Fractional share investing was sold as a democratization story, and to a real extent it is one. Buying $20 of Berkshire Hathaway when a single share costs over $700,000 is a structural improvement that was not possible a decade ago. But the same change that made the stock market accessible also removed friction that was doing quiet work in the background, and the behavioral consequences of that removal are showing up in the data in ways the industry does not love to discuss.
Friction was a feature, not a bug
The old structure of investing required some minimum unit of commitment. You bought one share or none. You met a minimum balance or you waited. The friction filtered out most impulse trading, not because it was designed to but because it was inconvenient. Convenience is great when the underlying activity is good for you, like vegetables or sleep. It is more complicated when the underlying activity is mixed, like alcohol, social media, or short-term trading. Removing friction from a mixed activity reliably increases volume, and increased volume in equity markets correlates strongly with worse individual returns. The same investor who buys an index fund every paycheck and ignores it tends to outperform the same investor with a fractional-shares app open during their commute. The change is the friction, not the strategy.
The data on retail trading is unflattering
A 2022 study by JPMorgan found that retail investors who traded most frequently underperformed buy-and-hold benchmarks by a wide margin, even after adjusting for transaction costs. A series of studies on Robinhood-style platforms found similar patterns: more trades, smaller positions, worse risk-adjusted returns. Behavioral economists have identified the mechanism fairly clearly. Frequent small purchases create the illusion of activity and progress, even when the activity is net-negative. The dopamine signal from making a trade is the same whether the trade was a good idea or not. Fractional shares amplify this loop, because the dollar amounts feel small enough that any individual decision feels low-stakes, even though the cumulative effect over years is substantial.

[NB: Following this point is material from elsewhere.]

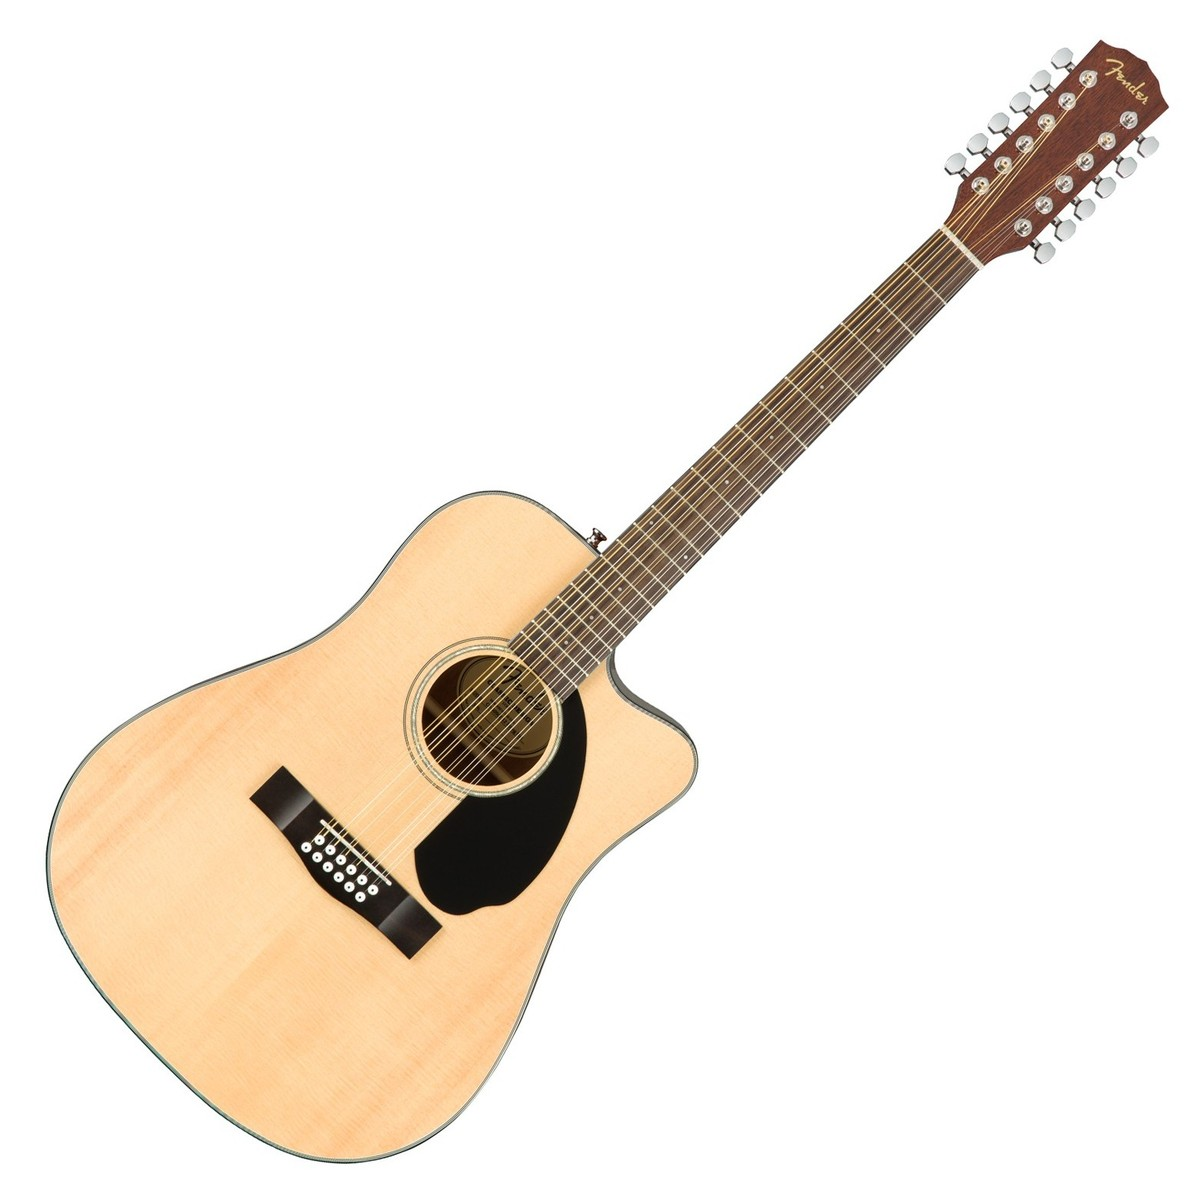 fender cd 60sce 12 string dreadnought electro acoustic guitar at. Black Bedroom Furniture Sets. Home Design Ideas

The marketing problem is that the right advice is boring
Brokerages promoting fractional shares emphasize accessibility, education, and choice. None of these things are wrong. But the most useful advice for someone using a fractional-shares product is also the least profitable for the platform: pick a broad index fund, automate weekly purchases, and turn off the app. The platforms know this. The reason the apps default to a feed of trending stocks rather than a single recurring purchase of VTI is that engagement is the business model. The educational content is sincere and the engagement loop is also sincere, and they are pulling in opposite directions. Sophisticated users navigate both. Most users navigate one.
Bottom line
Fractional shares are a useful tool that work best when you treat them like a savings account with a stock-fund backend, and worst when you treat them like a casino with low minimums. The structural change is real and democratizing. The behavioral change it enables is real and, for most users, costly. Knowing the difference is most of the work.